After this admission by Smiley, and in January, 1928, plaintiff employed a firm of attorneys at Deadwood to start action in the District Court of the United States upon the Smiley notes and to foreclose the real estate mortgage and recover the stock certificates. In response to inquiries from plaintiff's attorneys, the defendants continued to state that they could not find any escrow agreement relating to the stock, had no record of such agreement, and were not holding any stock subject to any agreement between Giles and Smiley. In connection with the equity action in the federal court, plaintiff caused interrogatories to be submitted to Penfold *Page 321 concerning the facts and circumstances relating to the sale of the land and stock to Smiley, and Penfold answered said interrogatories falsely, for the express purpose of deceiving the plaintiff and the court and for hindering and delaying the plaintiff, and to prevent plaintiff from further prosecuting said action. By reason of said false answers to the interrogatories, the plaintiff, still believing that defendant Penfold would not perjure himself, and believing from his testimony that the United States District Court had no jurisdiction, dismissed his action.

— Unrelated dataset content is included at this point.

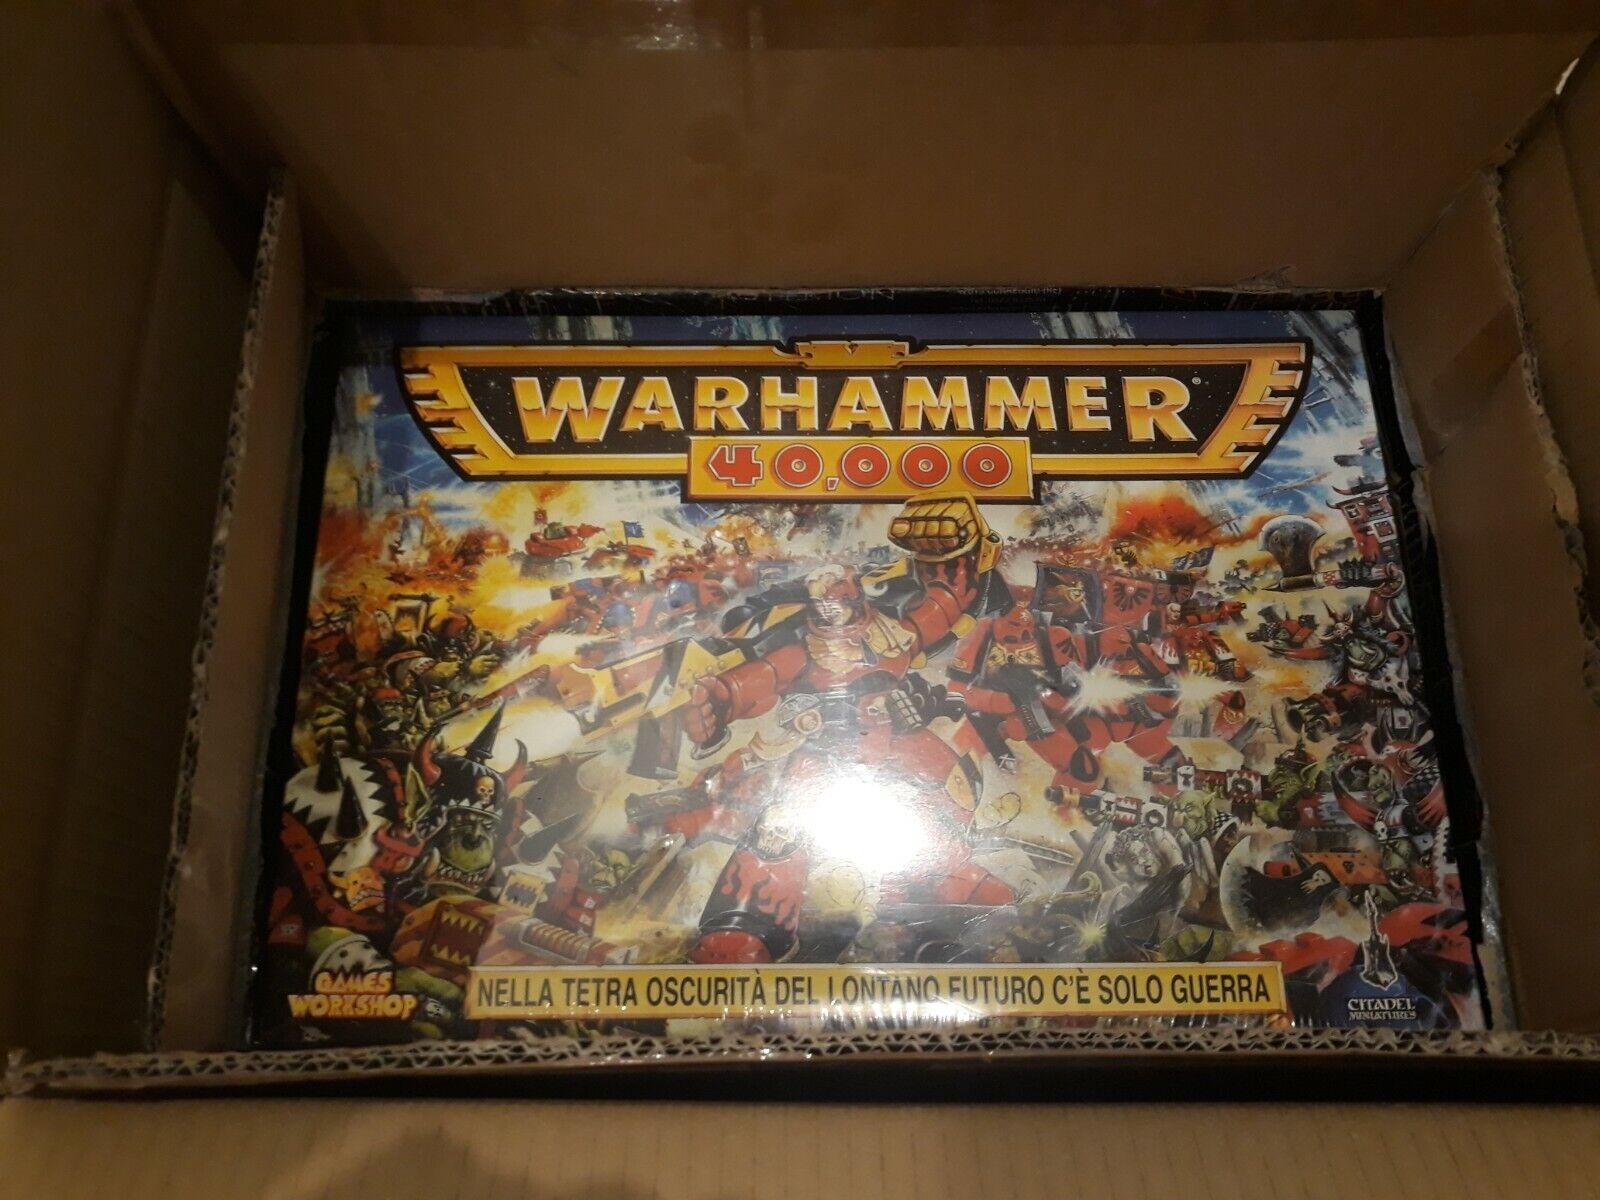 GW Warhammer 40K Warhammer 40,000  (2nd edizione) scatola  negozio online

Thereafter plaintiff commenced another action in the circuit court of Butte county, S.D., to foreclose the real estate mortgage and to recover the stock in the water association, in which action the defendant Penfold again testified falsely under oath for the purpose of hindering the plaintiff in securing possession of his security and for the purpose of defeating the plaintiff in his recovery. Nevertheless, and notwithstanding the false testimony of Penfold, the circuit court of Butte county, S.D., in that action on November 5, 1929, entered judgment in favor of plaintiff adjudging the said 125 shares of stock to have been pledged as further collateral security for the payment of the Smiley notes and awarding plaintiff the foreclosure of the real estate mortgage and the foreclosure of the lien upon the certificates of stock.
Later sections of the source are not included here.